DESCRIPTION OF THE PREFERRED EMBODIMENTS FIG. 1A is an example of a development view showing the entire structure of a general pleated cartridge filter. The filtration membrane 3 is folded while being sandwiched by the two liquid-permeable sheets 2 and 4, and is wound around a core 5 having many liquid collection ports 9. An outer guard 1 protects the filtration membrane outside.
Filtration membranes are sealed at both ends of the cylinder by end plates 6a and 6b. The end plate is in contact with a seal portion of a filter housing (not shown) via a gasket (not shown). The liquid after filtration is collected from a liquid collecting port of the core and collected from an outlet (not shown). Cartridge filters are known with outlets at both ends and at one end. In general, when the outlet has both ends, the filtered liquid is recovered from the outlet at the other end by sealing one end with a jig. FIG.
5A is a schematic enlarged view of the upper end of the cartridge filter of FIG.

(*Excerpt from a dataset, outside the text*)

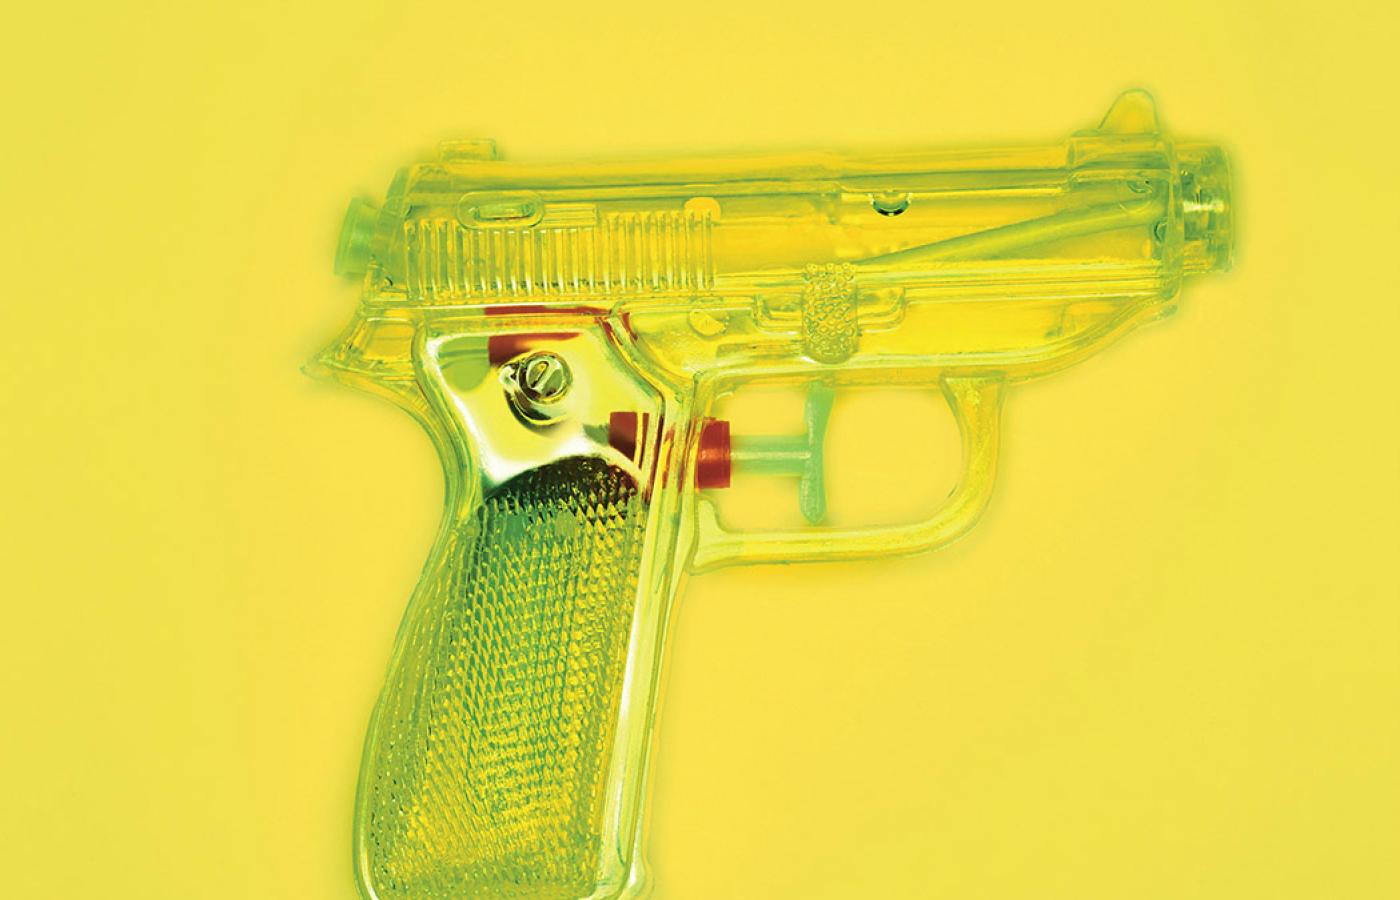 Wysiadł pod supermarketem. Kupił zabawkowy pistolet na kulki z plastiku. Miał pomysł.
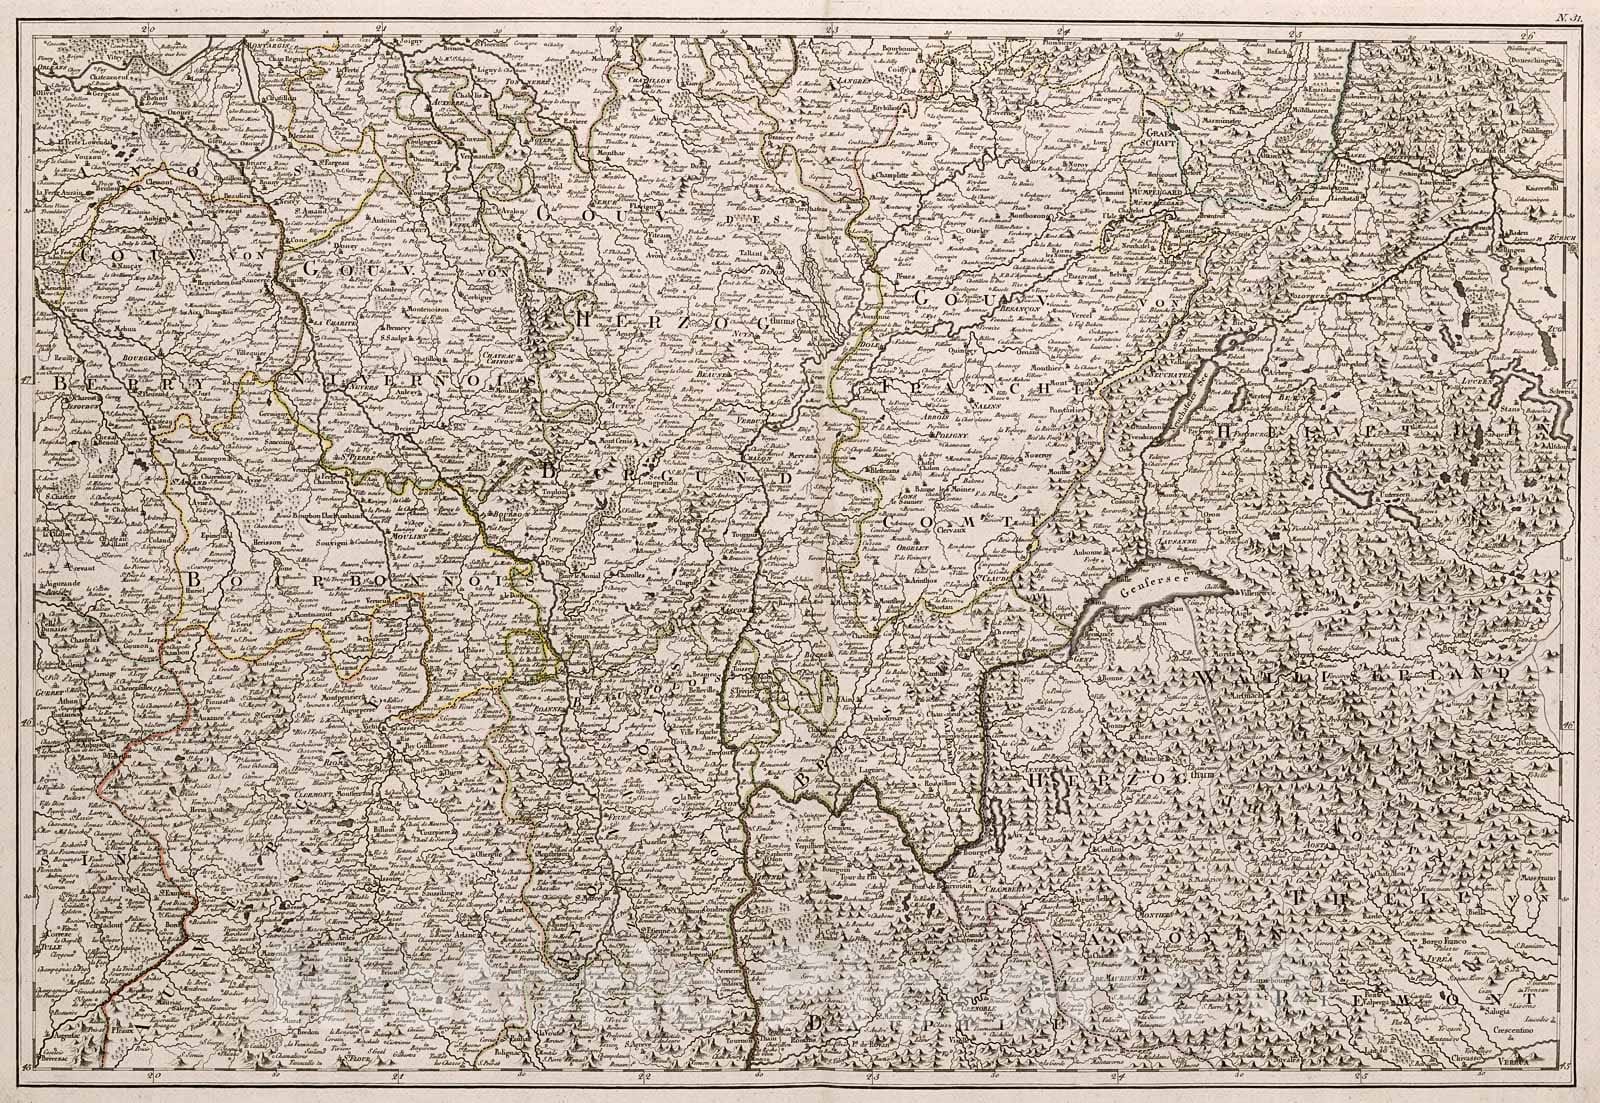 Historic Map : Neueste Generalkarte von Frankreich (central eastern sheet)., 1800, Vintage Wall Decor

FIG. 2A is an example of a development view showing the entire structure of a pleated filtration membrane cartridge filter having a tubular structure for making the flux of the liquid passing through the filtration membrane uniform in the present invention. It is. The filtration membrane 13 is folded while being sandwiched by the two liquid-permeable sheets 12 and 14 and wound around the core 15a. An outer guard 11 is provided on the outside to protect the filtration membrane. The first tubular structure 15b exists inside the core 15a. Furthermore, the second cylindrical structure 15b
Of the cylindrical structure 15c. Peripheral guard 11, filtration membrane 13, liquid-permeable sheets 12, 14, core 15a and first
The cylindrical structure 15b and the second cylindrical structure 15c are bonded and sealed by end plates 16a and 16b. The first cylindrical structure 15b includes an end plate 16b
Are not liquid-tightly bonded (not shown). Also, the second
Is not liquid-tightly bonded to the end plate 16a. The filtered liquid comes into contact with a seal portion of a filter housing (not shown) via a gasket (not shown). The liquid after filtration is collected from a liquid collecting port of the structure, and collected from an outlet (not shown). FIG. 2 (B)
Is a schematic enlarged view of the upper end portion of the cartridge filter of FIG. 2A, and the second tubular structure 15c is not liquid-tightly bonded to the end plate 16a.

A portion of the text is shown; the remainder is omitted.